Rosuvastatin reduces neointima formation in a rat model of balloon injury

Abstract

Background: Processes of restenosis, following arterial injury, are complex involving different cell types producing various cytokines and enzymes. Among those enzymes, smooth muscle cell-derived matrix metalloproteinases (MMPs) are thought to take part in cell migration, degrading of extracellular matrix, and neointima formation. MMP-9, also known as gelatinase B, is expressed immediately after vascular injury and its expression and activity can be inhibited by statins. Using an established in vivo model of vascular injury, we investigated the effect of the HMG-CoA reductase inhibitor rosuvastatin on MMP-9 expression and neointima formation.

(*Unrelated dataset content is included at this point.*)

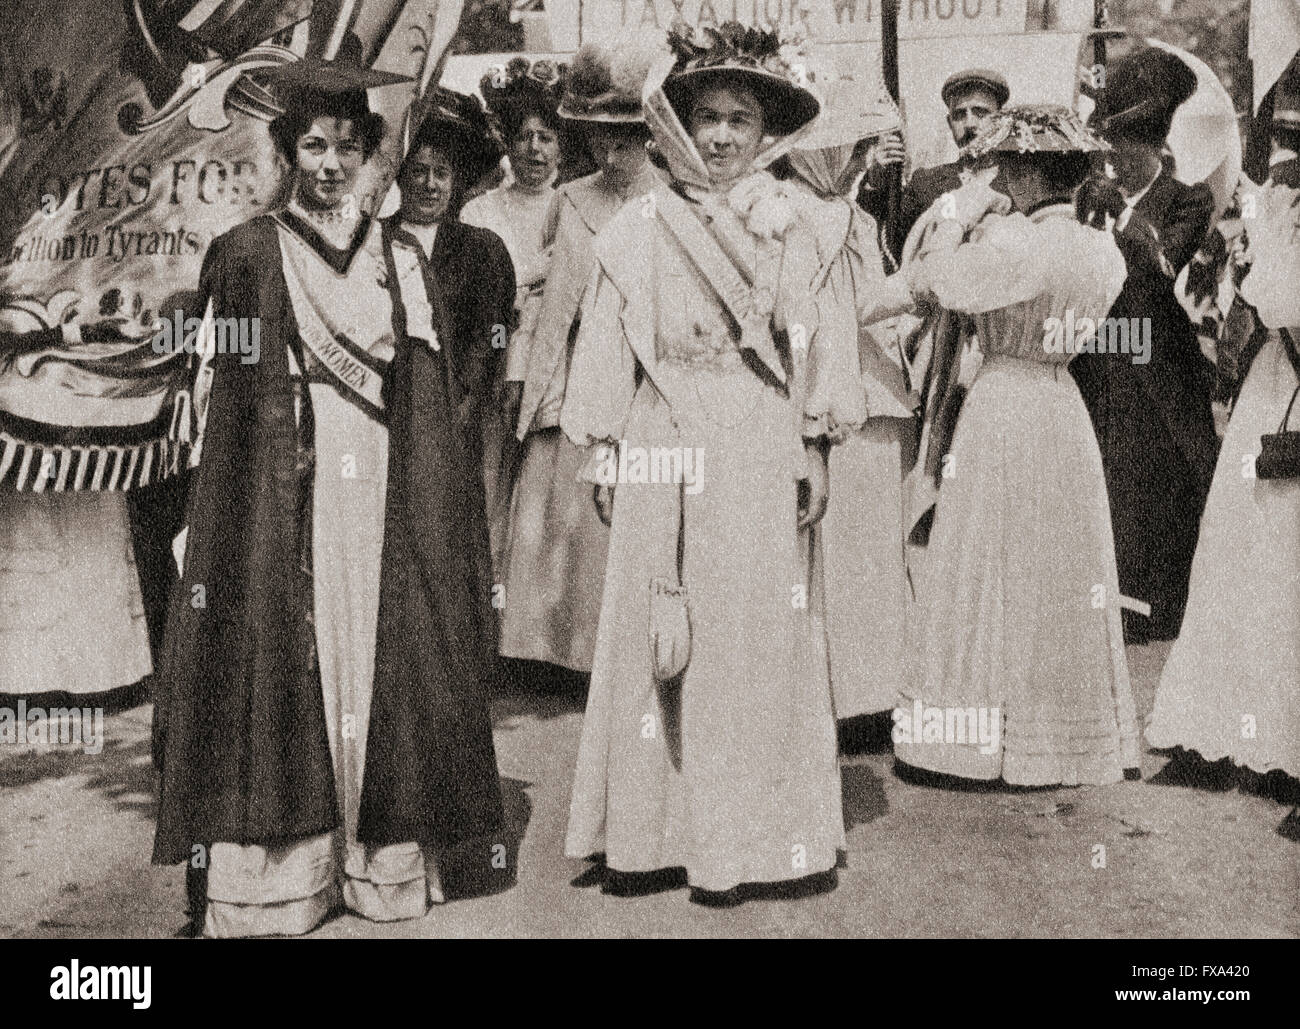 Lady Emmeline Pethick-Lawrence, verließ 1867 – 1954.  Britische Frauenrechtlerin.  Emmeline Pankhurst, geb. Goulden, 1858-1928, rechts.  Britischer politischer Aktivist und Führer der britischen Suffragetten-Bewegung. Stockfoto

Materials and methods: 14-week old male Sprague Dawley rats underwent balloon injury of the common carotid artery. Half of the animals received rosuvastatin (20 mg/kg body weight/day) via oral gavage, beginning 3 days prior to injury. Gelatinase activity and neointima formation were analyzed 3 days and 14 days after balloon injury, respectively. 14 days after vascular injury, proliferative activity was assessed by staining for Ki67.

Results: After 14 days, animals in the rosuvastatin group showed a decrease in total neointima formation (0.194±0.01 mm2 versus 0.124±0.02 mm2, p<0.05) as well as a reduced intima/media ratio (1.26±0.1 versus 0.75±0.09, p<0.05). Balloon injury resulted in increased activity of MMP-9 3 days after intervention for both rosuvastatin treated animals and controls with no significant difference observed between the groups. There was a trend towards a reduction in the number of Ki67-positive cells 14 days after injury.

Conclusions: Rosuvastatin attenuates neointima formation without affecting early MMP-9 activity in a rat model of vascular injury.

Figure 1

Neonintima formation of the common carotid artery (hematoxylin/eosin staining) 14 days after balloon injury in a control animal (A) and an animal treated with rosuvastatin. (B) Treatment with rosuvastatin leads to a reduction of neointima size, as well as a reduction of neointima/media ratio. (C, D).

Figure 2

Ki67-positive cells (arrows) within the neointima at 14 days after injury of a control animal. (A) Rosuvastatin treatment tended to reduce the proliferation index within the neointima (number of Ki67-positive cells/total amount of cells). However at day 14 no significant difference could be detected (p = 0.058). (B) Staining with immunofluorescence-labeled antibody against von Willebrand factor (secondary antibody alexa 594 in red) and _-smooth muscle actin in FITC (green) demonstrated that reendotheliazation was not completed 14 days after injury (arrow head) (_-smooth muscle actin in FITC, green). An adventitial artery is shown as a positive control (arrow). (C) Scale Bar = 100 μm.

Figure 3

Gelatinolytic activity assay demonstrated an induction of 92-kD gelatinase B three days after balloon injury in rat common carotid artery. No difference between rosuvastatin treated and controls could be detected (A). Western blot confirmed MMP-9 expression in rat common carotid arteries three days after balloon injury. No significant expression could be detected in non-injured contralateral arteries, which served as controls (B).